Water is our best ally in losing weight.
Water is absolutely critical to our body which comprises about 75% water; the brain has 85%, blood 90%, lungs 90%, muscles 75%, kidney 82%, and even bones has 22%. Basically, we are made of water!
Water dissolves many valuable nutrients, minerals, and chemicals in the biological processes and transports them to different parts of our body. The carbohydrates and proteins that our bodies use as food are metabolized and transported by water in the bloodstream. Water is just as important in the transport of waste and toxins out of our bodies.
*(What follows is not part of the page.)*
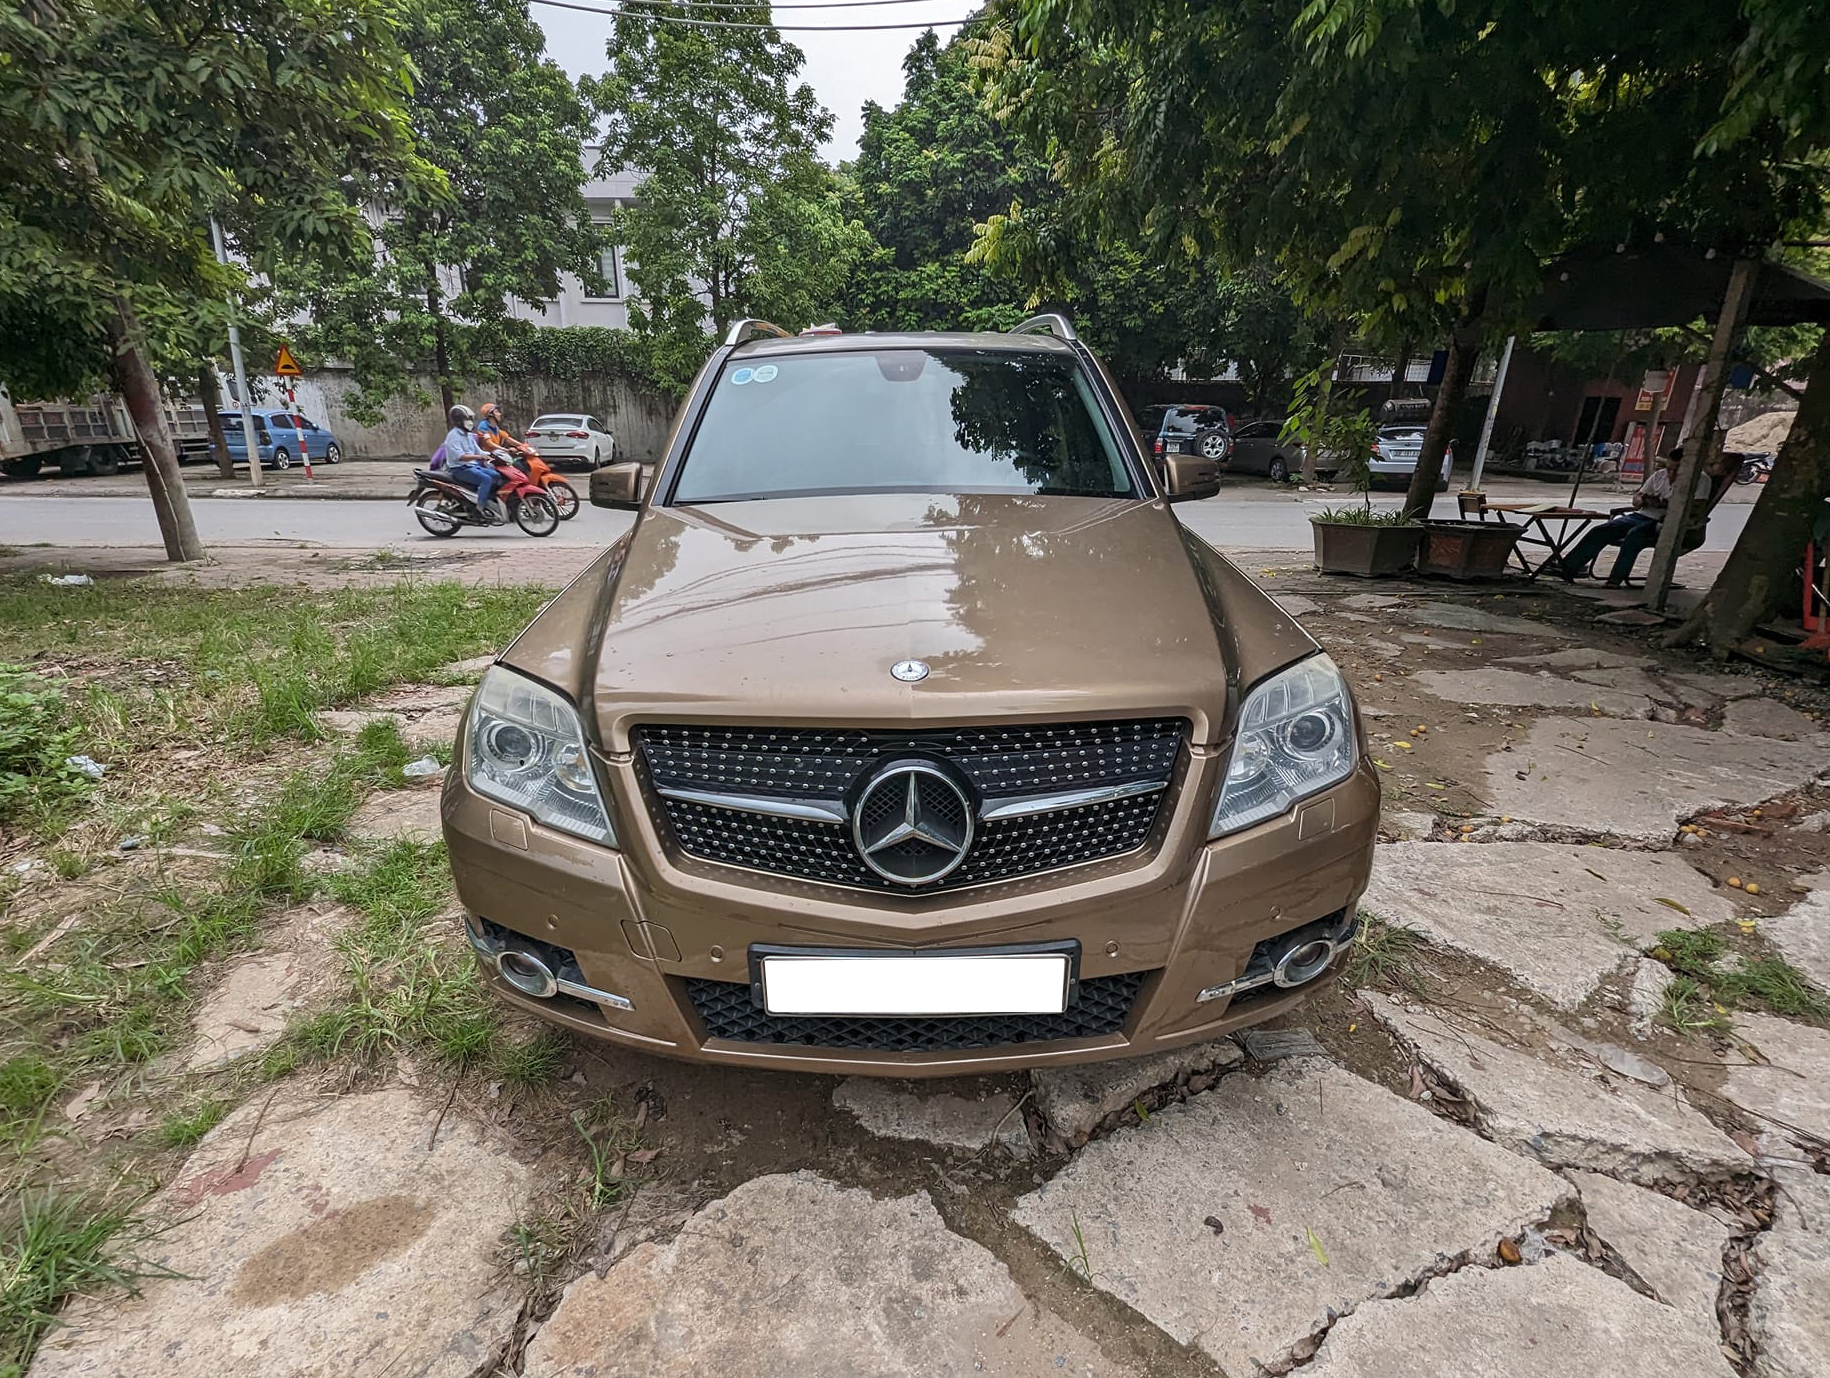 Bán Mercedes-Benz GLK odo 130.000 km giá 360 triệu đồng, chủ xe chia sẻ: ‘Phụ tùng thay thế đã tốn 250 triệu’ - Ảnh 1.

Without the replenishment of fresh water, our body will fail to function, start to waste away, and finally collapse.
So, how much water should you drink a day? How much water is enough for you? The minimum amount of water you need depends on our body weight.
By inserting a sufficient amount of water in the body more easily you will melt body fat and lose unwanted weight. All diets involve consuming large amounts of water, and the average daily water demand is about 2 liters or about 8 glasses of water. However, if you want to make the most of the water and increase the chances for weight loss, you must take into account its specific weight and adjust the intake of water to it. The table below is given as much water you should drink per day in terms of weight in kilograms. For example, if you have 60 kilos, you need 2 liters of water, divided into 5-6 doses of about 3 dl during the day.
Tips during the day to enter the amount of water:
- Before each meal drinks 2 glasses of water 2.5 deciliters. If you have 3 meals a day, this way will bring about 1.5 liters of water.
- In the morning when you get up and at night before bedtime drink 2 cups of water and in this way will ensure input about 1 liter of water.
- If you count to drink water at night because of the need to visit the toilet at night, drink 1 cup at night and during the morning third
- For flavor, you can add a little lemon into the water.